EXERCISE OBJECTIVE
Scan the records below and copy every line that contains the string "Design".

★ ★ ★ ★

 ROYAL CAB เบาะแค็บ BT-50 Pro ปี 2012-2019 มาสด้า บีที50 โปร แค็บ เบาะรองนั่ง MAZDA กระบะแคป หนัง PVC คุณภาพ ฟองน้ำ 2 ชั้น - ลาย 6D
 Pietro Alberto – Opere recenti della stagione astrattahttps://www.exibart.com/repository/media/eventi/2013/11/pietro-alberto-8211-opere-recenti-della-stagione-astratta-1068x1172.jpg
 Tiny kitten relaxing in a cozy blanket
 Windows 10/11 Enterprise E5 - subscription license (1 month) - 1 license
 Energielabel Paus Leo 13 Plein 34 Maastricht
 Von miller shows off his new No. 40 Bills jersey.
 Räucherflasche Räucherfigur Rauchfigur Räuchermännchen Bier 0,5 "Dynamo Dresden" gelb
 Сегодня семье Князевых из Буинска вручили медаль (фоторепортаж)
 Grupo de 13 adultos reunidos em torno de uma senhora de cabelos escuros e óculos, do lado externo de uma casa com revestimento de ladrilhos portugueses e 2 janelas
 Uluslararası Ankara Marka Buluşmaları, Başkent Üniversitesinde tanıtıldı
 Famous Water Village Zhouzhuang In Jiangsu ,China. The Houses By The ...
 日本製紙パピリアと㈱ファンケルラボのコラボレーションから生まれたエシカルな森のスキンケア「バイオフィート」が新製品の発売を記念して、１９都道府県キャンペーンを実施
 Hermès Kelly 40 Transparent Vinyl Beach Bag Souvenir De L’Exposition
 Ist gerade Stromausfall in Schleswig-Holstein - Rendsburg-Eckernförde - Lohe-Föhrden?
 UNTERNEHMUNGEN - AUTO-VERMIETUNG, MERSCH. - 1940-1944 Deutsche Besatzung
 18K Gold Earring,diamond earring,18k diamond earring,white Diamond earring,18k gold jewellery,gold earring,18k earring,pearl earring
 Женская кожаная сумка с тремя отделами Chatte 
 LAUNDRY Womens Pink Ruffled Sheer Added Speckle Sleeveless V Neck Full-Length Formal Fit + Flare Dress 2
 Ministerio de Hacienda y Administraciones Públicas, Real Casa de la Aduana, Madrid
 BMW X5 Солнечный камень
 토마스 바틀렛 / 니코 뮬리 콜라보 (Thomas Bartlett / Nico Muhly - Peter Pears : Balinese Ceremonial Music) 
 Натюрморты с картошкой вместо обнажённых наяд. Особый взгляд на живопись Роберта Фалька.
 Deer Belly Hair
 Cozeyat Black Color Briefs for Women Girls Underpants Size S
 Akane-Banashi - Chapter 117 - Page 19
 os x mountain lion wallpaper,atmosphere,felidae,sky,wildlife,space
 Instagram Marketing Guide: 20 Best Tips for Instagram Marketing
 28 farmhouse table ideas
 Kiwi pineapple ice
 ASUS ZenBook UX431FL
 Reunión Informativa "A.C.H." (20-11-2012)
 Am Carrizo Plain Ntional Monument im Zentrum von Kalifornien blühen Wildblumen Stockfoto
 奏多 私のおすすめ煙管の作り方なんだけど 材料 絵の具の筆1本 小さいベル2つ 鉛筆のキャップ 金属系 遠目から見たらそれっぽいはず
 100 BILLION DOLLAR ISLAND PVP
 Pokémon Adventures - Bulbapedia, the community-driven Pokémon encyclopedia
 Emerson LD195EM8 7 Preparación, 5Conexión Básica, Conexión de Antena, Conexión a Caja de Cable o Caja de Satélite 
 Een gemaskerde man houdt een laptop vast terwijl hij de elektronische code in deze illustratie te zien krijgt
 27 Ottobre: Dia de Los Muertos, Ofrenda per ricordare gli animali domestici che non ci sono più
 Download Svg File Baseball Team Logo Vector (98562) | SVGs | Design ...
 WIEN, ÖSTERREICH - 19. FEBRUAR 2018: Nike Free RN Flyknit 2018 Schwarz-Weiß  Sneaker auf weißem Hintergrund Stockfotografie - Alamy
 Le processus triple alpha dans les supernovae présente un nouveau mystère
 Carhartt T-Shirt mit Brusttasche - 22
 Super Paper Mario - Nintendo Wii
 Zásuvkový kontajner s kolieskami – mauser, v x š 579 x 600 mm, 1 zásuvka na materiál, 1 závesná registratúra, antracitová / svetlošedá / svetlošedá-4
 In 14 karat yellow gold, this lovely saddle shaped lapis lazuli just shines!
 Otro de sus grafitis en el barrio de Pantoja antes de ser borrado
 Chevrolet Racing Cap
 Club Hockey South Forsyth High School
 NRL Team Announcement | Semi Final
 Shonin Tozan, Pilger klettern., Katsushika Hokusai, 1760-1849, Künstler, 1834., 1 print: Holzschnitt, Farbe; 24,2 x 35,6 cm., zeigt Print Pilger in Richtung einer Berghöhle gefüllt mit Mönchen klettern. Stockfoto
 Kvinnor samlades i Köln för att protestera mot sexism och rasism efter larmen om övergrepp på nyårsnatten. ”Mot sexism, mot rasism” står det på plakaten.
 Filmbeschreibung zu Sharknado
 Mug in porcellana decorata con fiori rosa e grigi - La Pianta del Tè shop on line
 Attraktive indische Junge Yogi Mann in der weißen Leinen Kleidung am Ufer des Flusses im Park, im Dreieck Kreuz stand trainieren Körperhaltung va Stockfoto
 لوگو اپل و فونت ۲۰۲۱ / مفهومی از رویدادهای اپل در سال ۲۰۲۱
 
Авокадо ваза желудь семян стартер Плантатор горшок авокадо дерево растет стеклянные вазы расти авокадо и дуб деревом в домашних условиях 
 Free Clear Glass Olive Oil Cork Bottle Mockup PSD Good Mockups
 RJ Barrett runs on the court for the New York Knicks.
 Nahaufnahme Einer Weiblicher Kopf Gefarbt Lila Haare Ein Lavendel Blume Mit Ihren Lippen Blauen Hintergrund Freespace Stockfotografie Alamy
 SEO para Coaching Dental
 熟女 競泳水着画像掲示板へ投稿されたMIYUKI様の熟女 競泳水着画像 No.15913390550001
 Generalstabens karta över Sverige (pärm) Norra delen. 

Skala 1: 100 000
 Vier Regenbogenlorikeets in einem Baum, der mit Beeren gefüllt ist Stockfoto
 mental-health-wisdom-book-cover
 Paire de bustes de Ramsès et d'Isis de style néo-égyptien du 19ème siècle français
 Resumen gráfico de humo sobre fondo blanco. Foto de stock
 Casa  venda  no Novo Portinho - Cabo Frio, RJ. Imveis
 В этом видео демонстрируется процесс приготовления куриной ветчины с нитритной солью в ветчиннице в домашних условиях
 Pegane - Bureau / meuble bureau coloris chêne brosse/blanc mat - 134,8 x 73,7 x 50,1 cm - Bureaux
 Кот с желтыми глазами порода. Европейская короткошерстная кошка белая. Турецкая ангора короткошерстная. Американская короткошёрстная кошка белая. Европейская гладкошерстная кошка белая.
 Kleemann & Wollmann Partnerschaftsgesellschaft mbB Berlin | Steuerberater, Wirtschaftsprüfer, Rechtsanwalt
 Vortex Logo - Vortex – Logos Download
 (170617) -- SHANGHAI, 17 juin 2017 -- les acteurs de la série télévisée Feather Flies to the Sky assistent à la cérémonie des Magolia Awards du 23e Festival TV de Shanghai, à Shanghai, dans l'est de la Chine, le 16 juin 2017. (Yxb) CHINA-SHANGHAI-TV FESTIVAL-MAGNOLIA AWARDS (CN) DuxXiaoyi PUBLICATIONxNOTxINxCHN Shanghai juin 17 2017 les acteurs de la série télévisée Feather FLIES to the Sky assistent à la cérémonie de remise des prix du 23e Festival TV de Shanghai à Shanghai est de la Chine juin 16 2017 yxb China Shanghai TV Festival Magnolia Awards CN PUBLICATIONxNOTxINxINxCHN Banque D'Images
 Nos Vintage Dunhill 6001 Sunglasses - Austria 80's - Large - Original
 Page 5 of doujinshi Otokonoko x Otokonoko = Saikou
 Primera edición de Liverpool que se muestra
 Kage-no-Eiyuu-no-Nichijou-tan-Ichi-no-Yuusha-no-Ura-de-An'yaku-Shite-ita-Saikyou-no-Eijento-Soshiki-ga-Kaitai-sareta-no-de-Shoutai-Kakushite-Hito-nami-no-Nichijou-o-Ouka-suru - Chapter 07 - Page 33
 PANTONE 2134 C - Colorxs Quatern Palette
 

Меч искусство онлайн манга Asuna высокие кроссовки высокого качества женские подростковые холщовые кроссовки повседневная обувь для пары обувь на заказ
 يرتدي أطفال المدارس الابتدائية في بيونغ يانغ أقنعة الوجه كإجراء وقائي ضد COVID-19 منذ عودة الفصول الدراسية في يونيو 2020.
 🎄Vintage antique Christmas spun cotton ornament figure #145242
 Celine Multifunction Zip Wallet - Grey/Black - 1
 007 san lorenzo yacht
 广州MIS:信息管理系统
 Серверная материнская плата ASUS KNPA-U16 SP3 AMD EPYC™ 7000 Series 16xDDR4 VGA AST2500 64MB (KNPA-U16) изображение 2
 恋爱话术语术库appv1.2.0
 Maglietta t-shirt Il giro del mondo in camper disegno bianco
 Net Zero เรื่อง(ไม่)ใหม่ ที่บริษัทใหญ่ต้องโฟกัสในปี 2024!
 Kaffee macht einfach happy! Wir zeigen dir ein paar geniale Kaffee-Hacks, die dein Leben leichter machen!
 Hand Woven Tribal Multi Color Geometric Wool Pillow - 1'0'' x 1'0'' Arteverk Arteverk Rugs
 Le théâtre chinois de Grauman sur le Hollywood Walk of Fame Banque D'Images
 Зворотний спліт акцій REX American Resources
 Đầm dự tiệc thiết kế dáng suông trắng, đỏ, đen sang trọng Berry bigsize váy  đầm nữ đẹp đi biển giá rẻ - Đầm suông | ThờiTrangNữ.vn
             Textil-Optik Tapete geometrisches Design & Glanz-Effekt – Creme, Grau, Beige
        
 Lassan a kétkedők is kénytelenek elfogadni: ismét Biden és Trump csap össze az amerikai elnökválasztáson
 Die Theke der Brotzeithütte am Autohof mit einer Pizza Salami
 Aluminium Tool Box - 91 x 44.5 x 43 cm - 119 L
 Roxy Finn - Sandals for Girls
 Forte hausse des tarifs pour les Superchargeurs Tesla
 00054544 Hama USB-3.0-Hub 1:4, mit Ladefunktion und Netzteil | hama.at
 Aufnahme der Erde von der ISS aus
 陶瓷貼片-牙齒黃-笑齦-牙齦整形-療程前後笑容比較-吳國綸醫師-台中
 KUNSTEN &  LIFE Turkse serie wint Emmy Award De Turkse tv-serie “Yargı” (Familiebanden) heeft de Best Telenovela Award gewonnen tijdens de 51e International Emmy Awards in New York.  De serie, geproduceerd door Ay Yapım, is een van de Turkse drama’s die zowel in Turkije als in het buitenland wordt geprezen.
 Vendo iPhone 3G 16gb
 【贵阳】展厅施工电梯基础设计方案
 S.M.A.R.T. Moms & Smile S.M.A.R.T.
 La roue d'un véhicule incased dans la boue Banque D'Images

★ ★ ★ ★

WRITTEN SOLUTION
 Download Svg File Baseball Team Logo Vector (98562) | SVGs | Design ...
             Textil-Optik Tapete geometrisches Design & Glanz-Effekt – Creme, Grau, Beige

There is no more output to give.